*DATA*:
—————
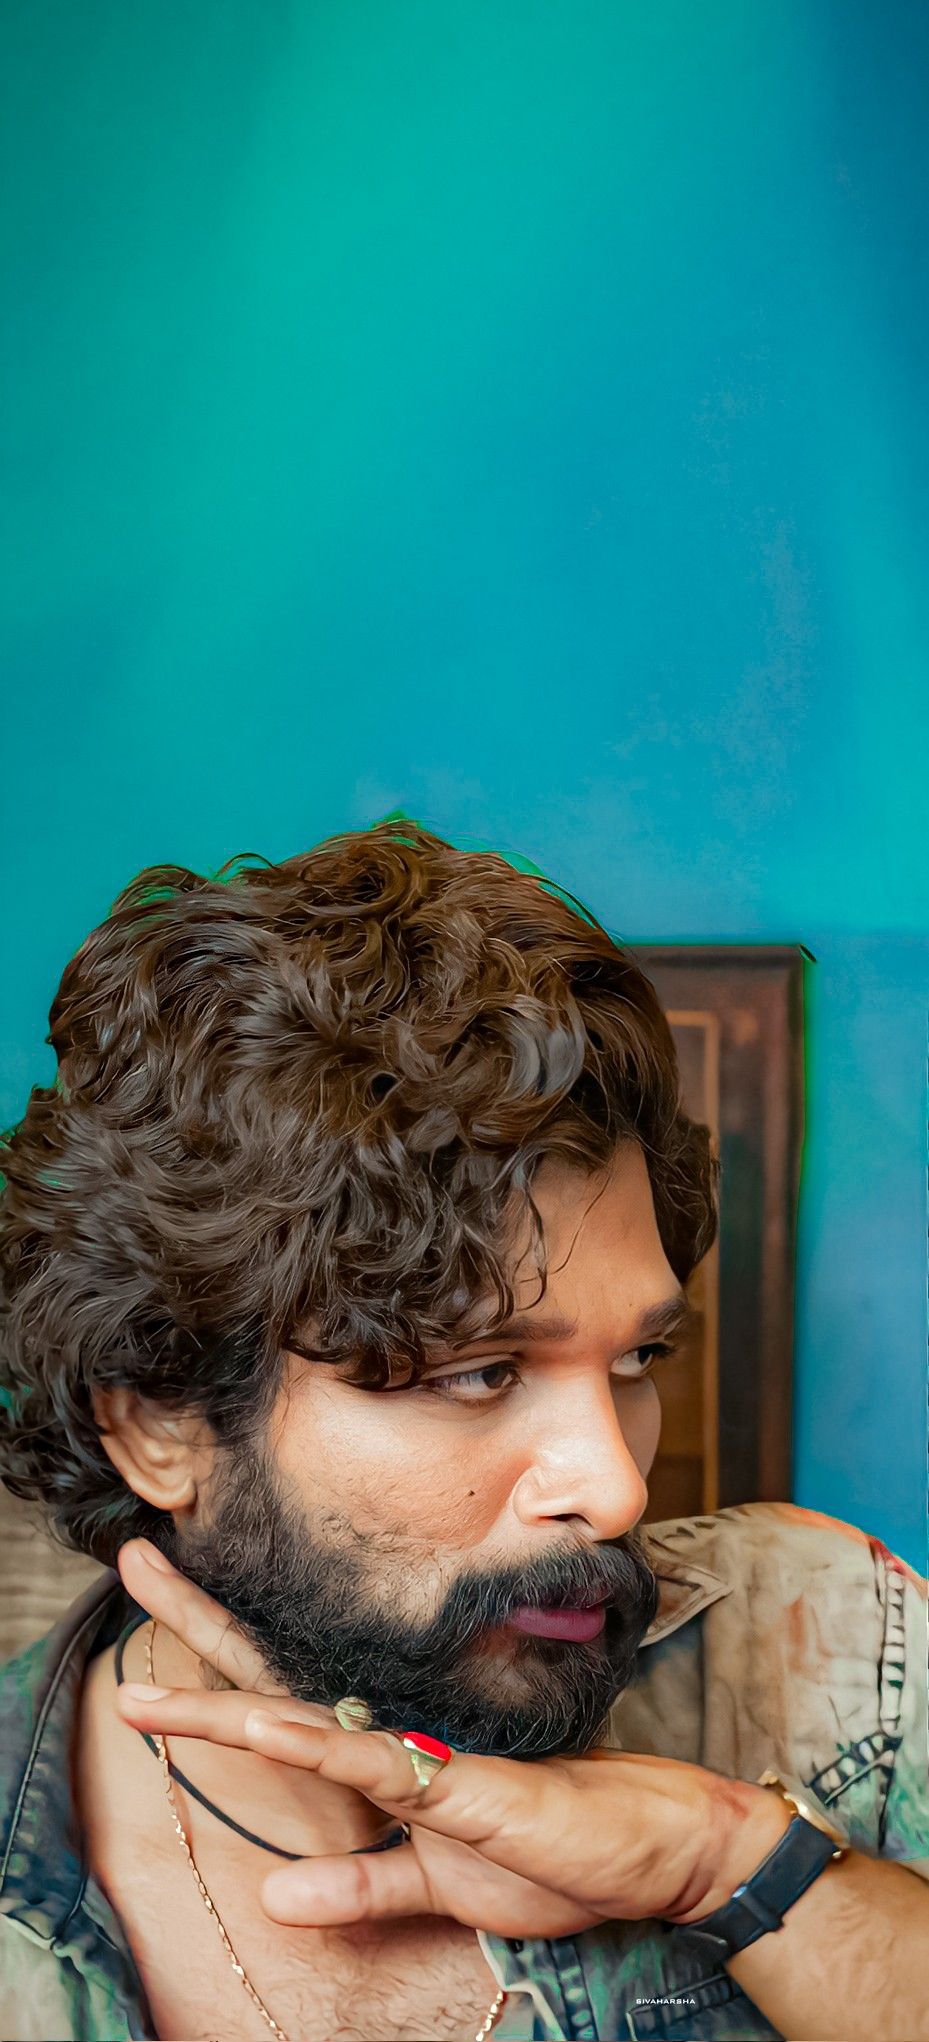 allu arjun hairstyles 36 Allu Arjun hairstyle back side | Allu Arjun hairstyle Name | Allu Arjun hairstyle Photos Allu Arjun Hairstyles
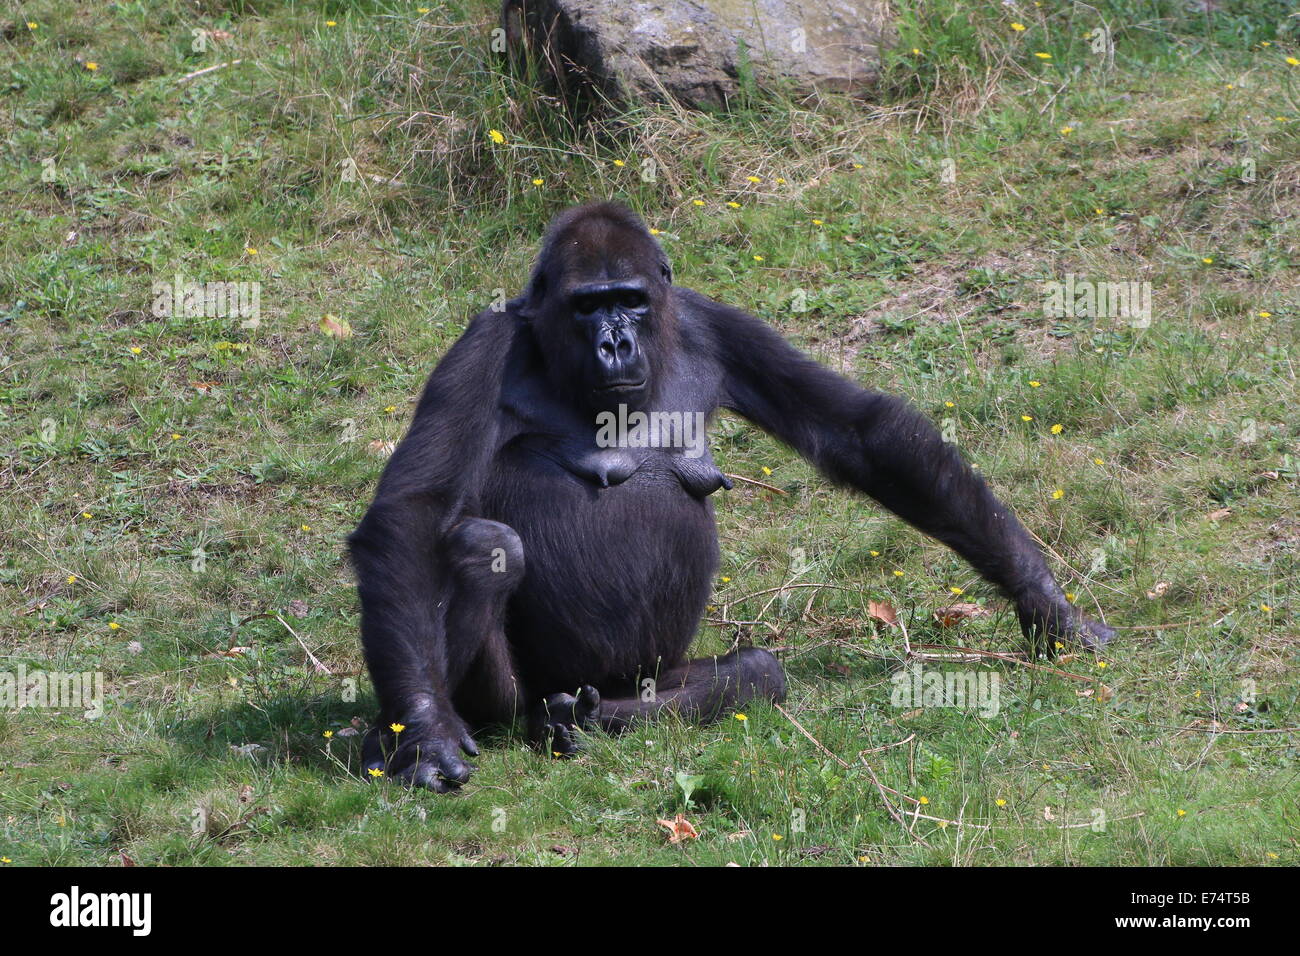 Female gorilla at Apenheul zoo, The Netherlands Stock Photo
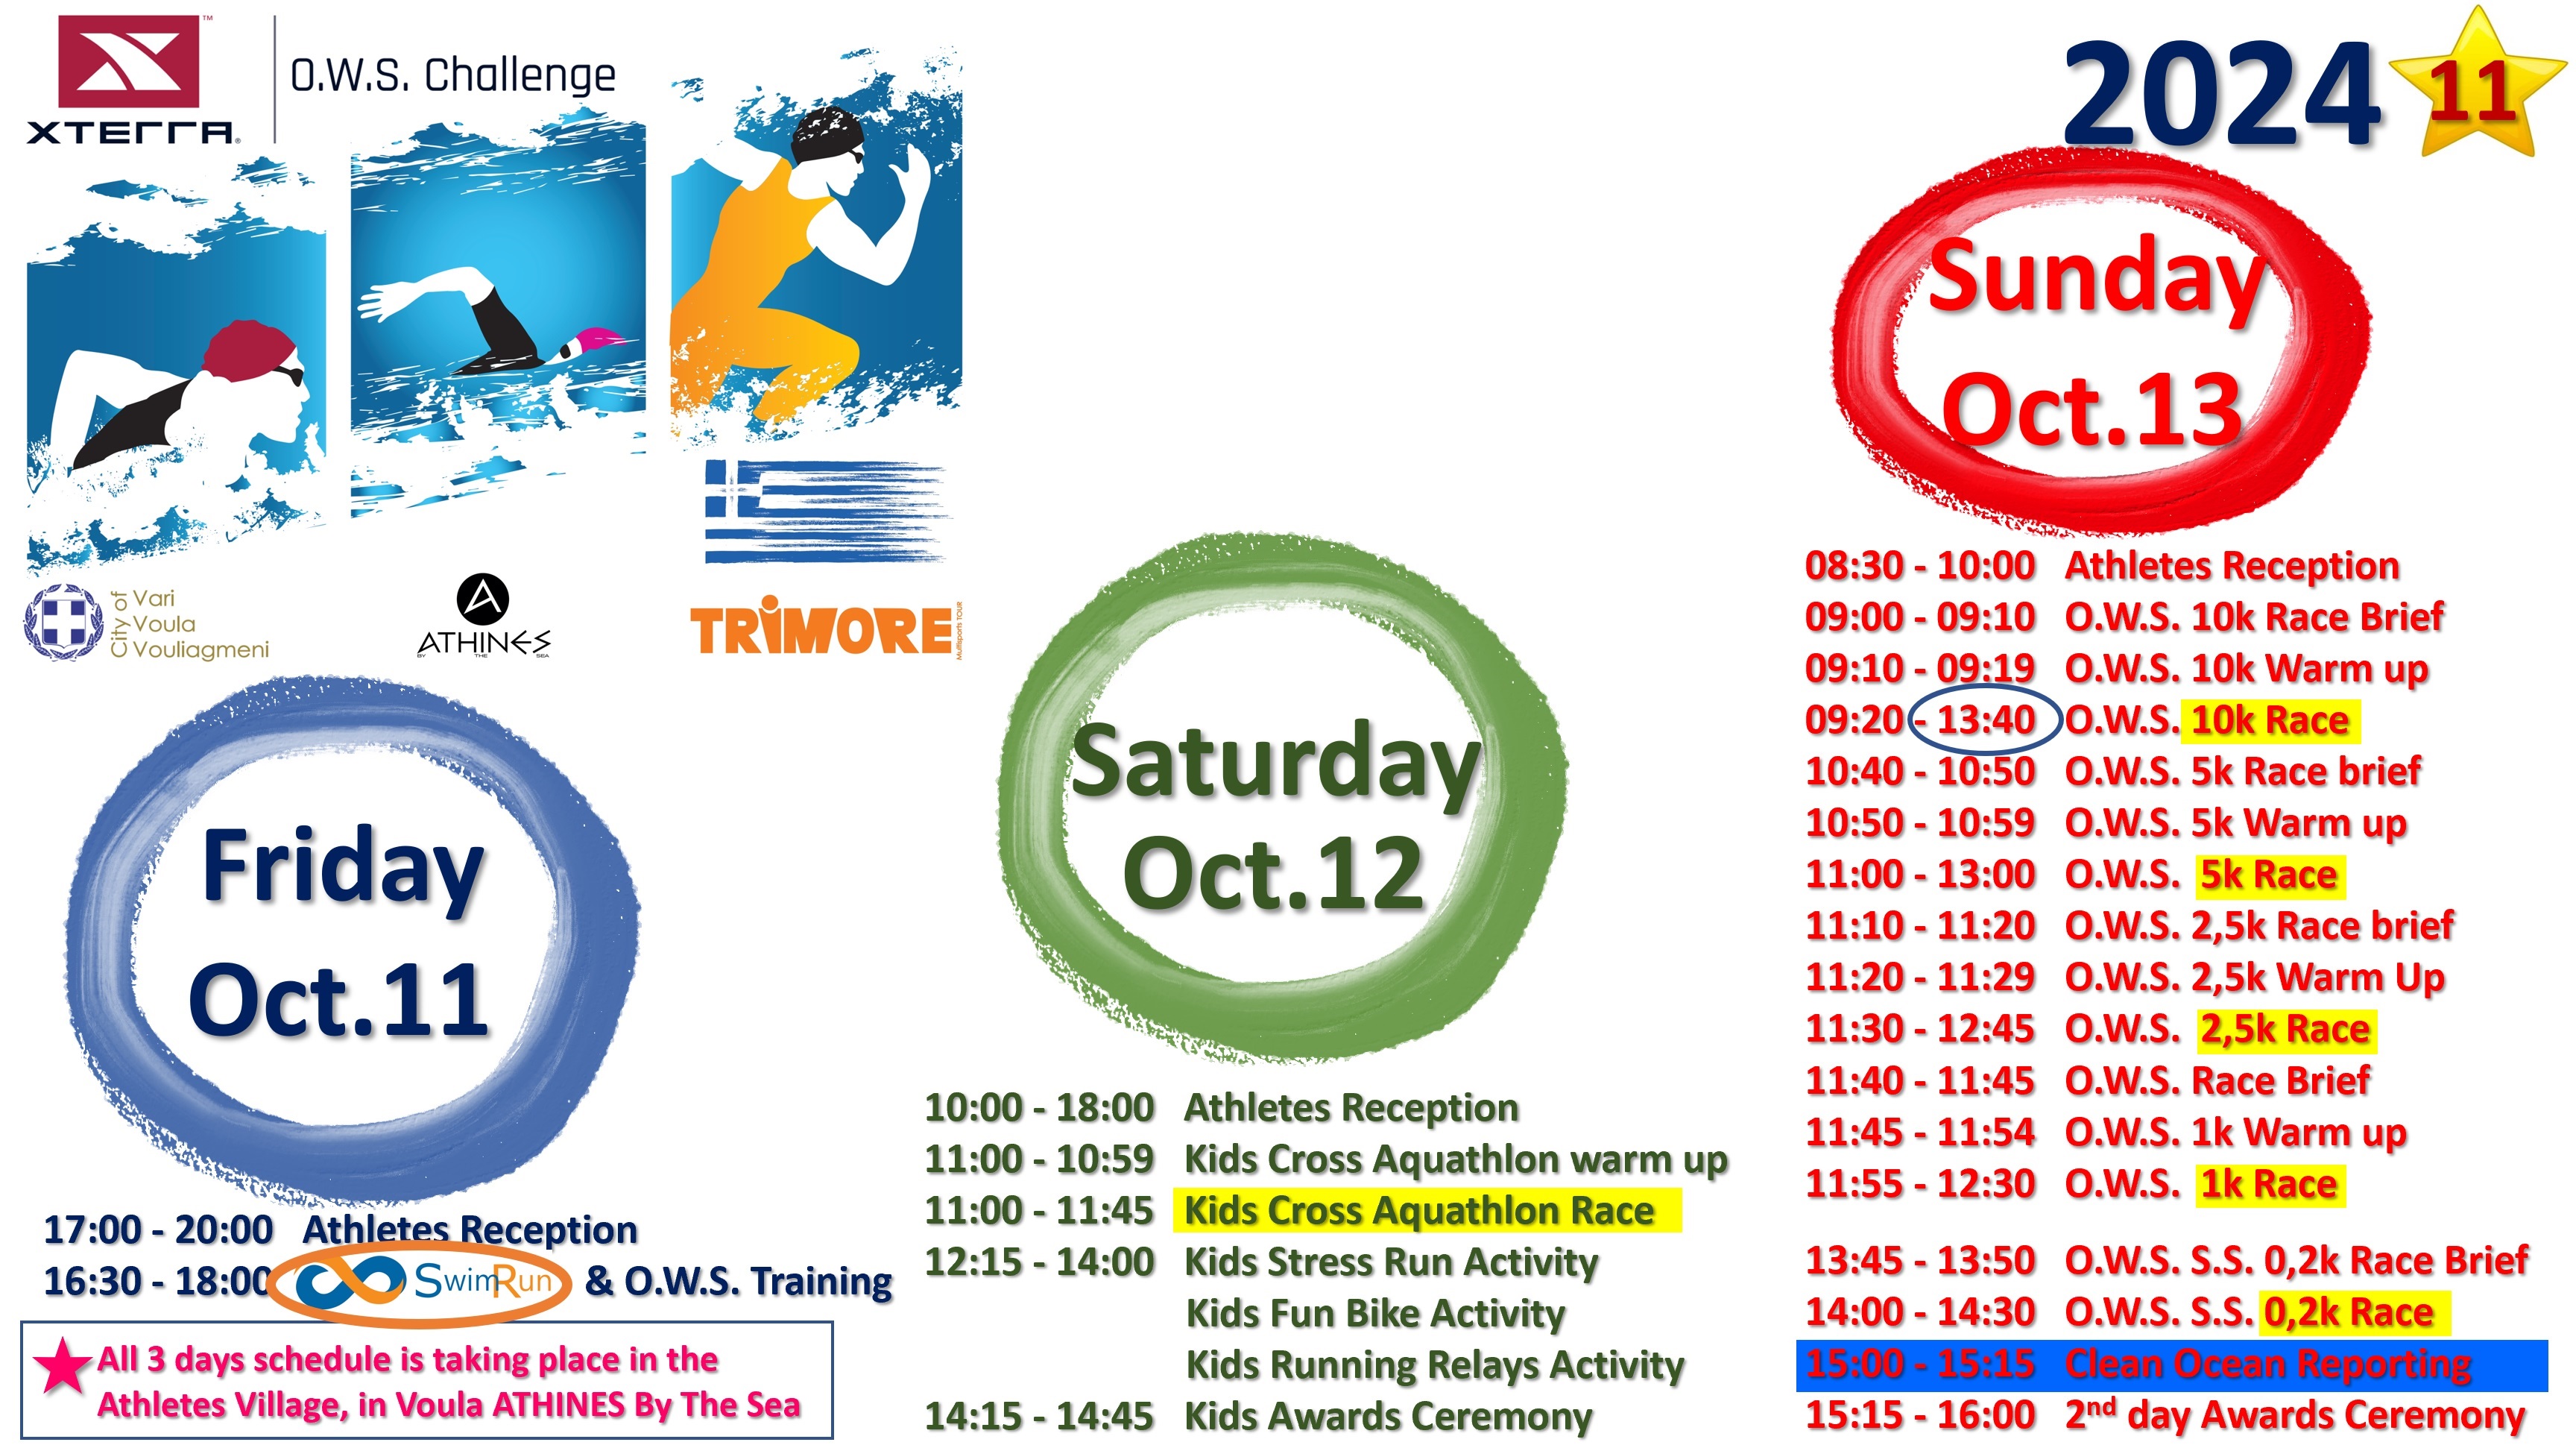 20241 XTERRA OWS Challenge Events Schedule
—————
*EXERCISE AIM*: Please copy exactly the lines from the one that contains "Female gorilla at" through the last line of the listing above, leaving out the pictures.

*SOLUTION TO THE PROBLEM*:
 Female gorilla at Apenheul zoo, The Netherlands Stock Photo
 20241 XTERRA OWS Challenge Events Schedule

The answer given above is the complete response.